Introduction to HumanVid Project
HumanVid is a pioneering project in the field of human image animation, especially focusing on videos where both the camera and the subject can move, closely mimicking real movie scenes. This innovative project was developed by a team of researchers from the Chinese University of Hong Kong (CUHK) and the Shanghai AI Lab. The project has been recognized and accepted for the NeurIPS D&B Track in 2024.
What is HumanVid?
HumanVid introduces a breakthrough dataset that empowers video diffusion models to generate videos capturing both camera and subject movements. Essentially, it allows for the creation of animations where the camera can move around, producing dynamic and life-like videos, as opposed to static, stationary ones.

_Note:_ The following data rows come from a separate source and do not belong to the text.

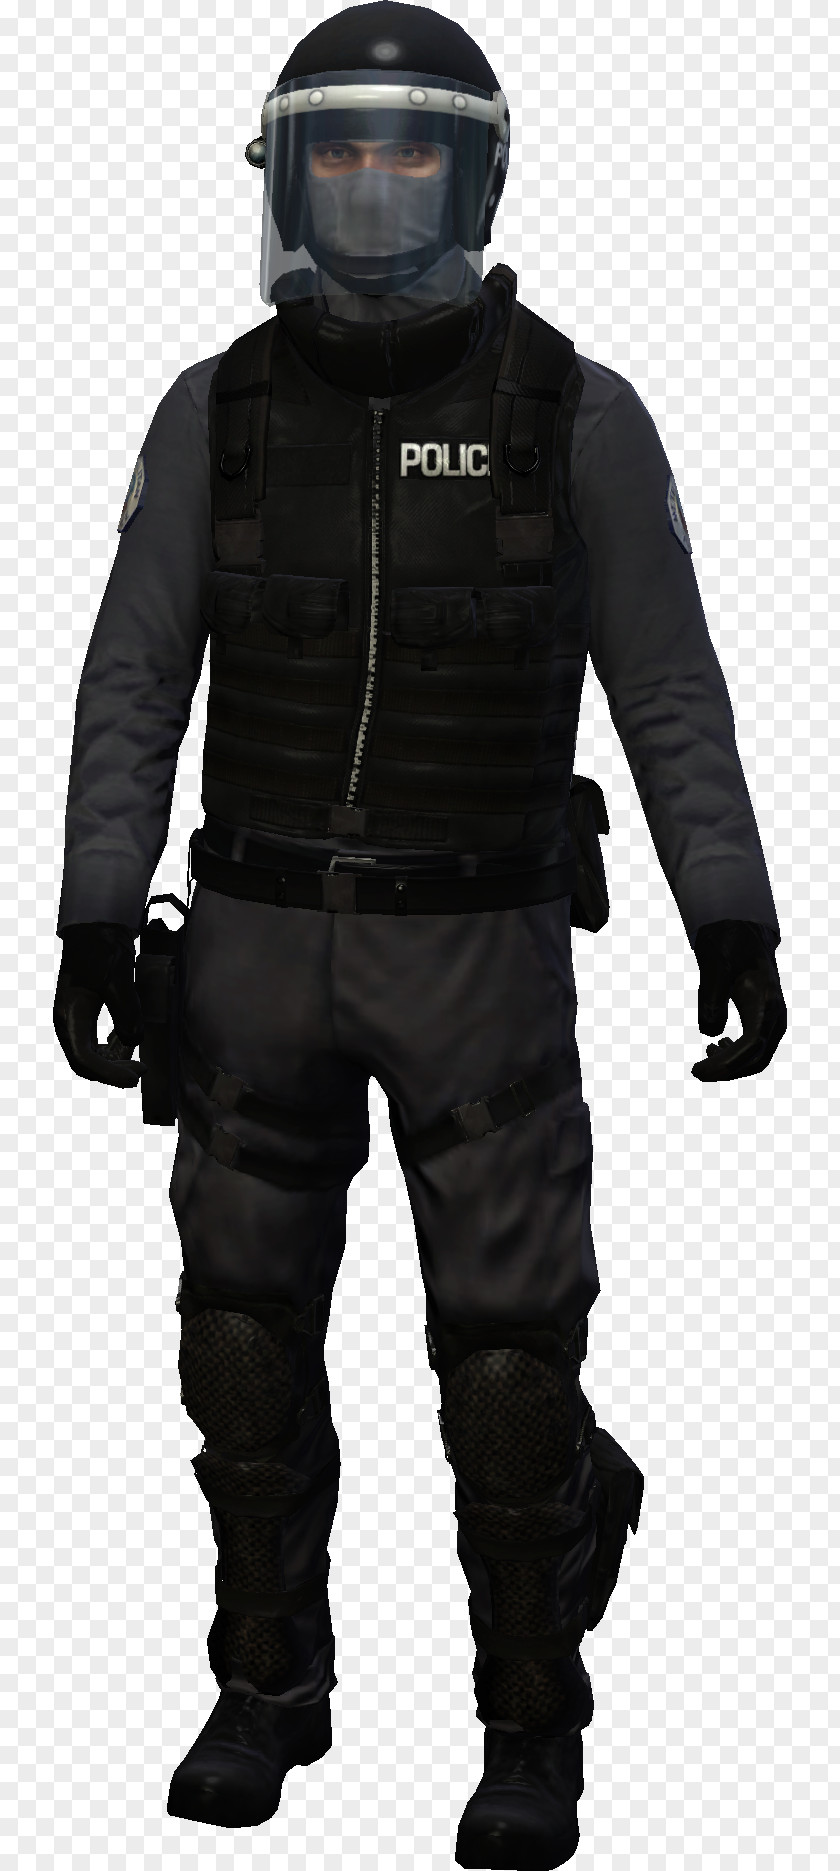 Swat SWAT Uniform Police Jacket Pants PNG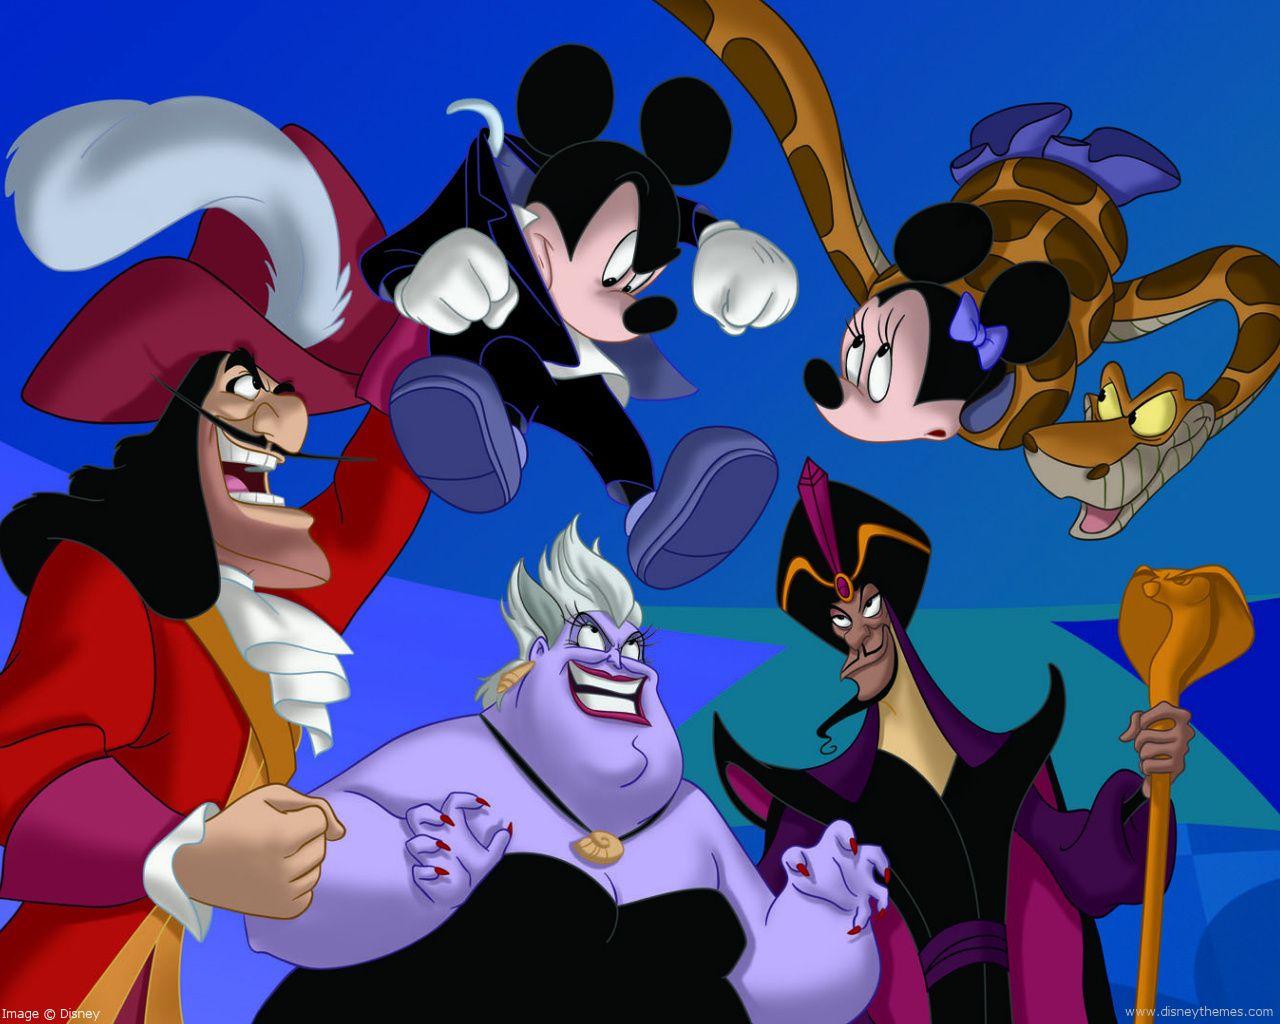 Jafar image Disney Villains HD wallpaper and background photo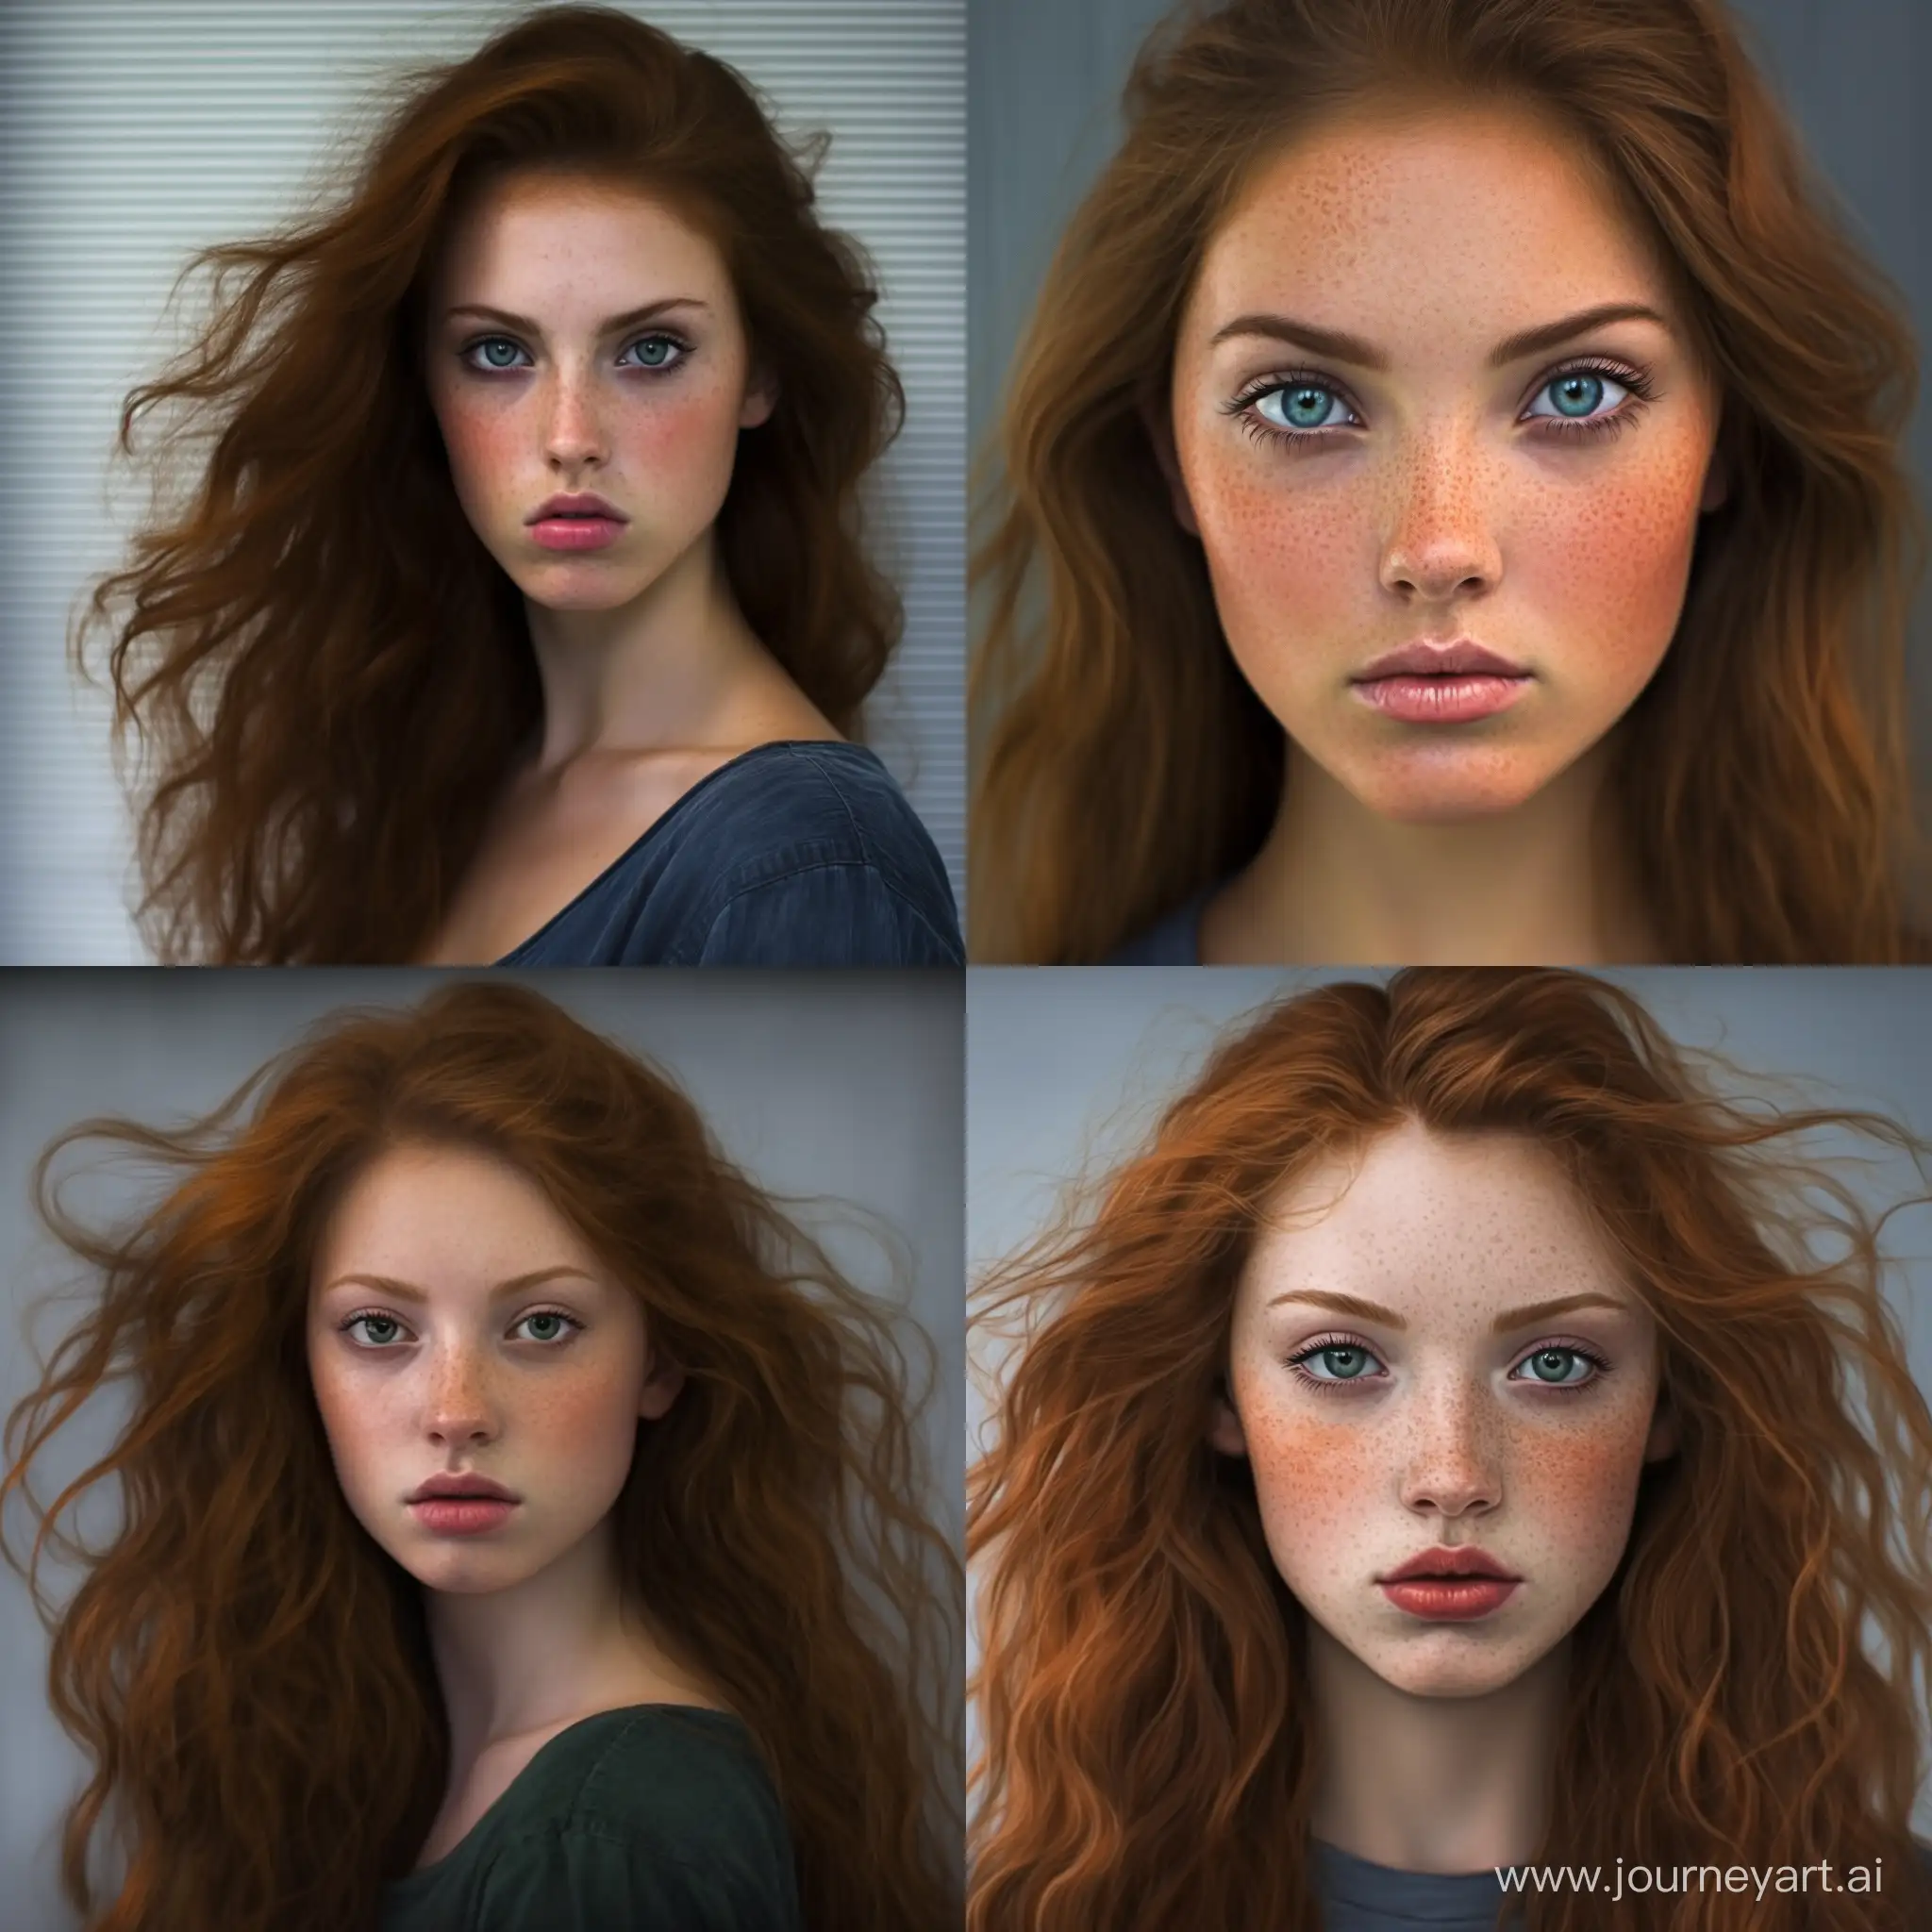 UltraRealistic-Portrait-Photography-Captivating-23YearOld-Woman

This project provides a foundation for training models that could revolutionize how animated scenes are created and interacted with, offering new possibilities in video production and virtual storytelling.
Key Offerings
-
Dataset Collection: HumanVid includes a comprehensive dataset collected from both internet sources and synthetic video production using Unreal Engine. The dataset contains versatile camera movements and human poses, crucial for training models in dynamic human animation.
-
Camera Parameters & Trajectory: A detailed approach toward camera trajectory recording is adopted from established methods. This includes the translation and rotation of the camera in three-dimensional space, as well as camera intrinsics like focal lengths, ensuring high precision in recreating realistic camera movements.
-
Human Pose Extraction: The project provides scripts and methodologies for extracting and visualizing human poses from videos, thereby lending rich data to enhance model training. This involves converting 3D human models into recognizable formats that can be used for animation purposes.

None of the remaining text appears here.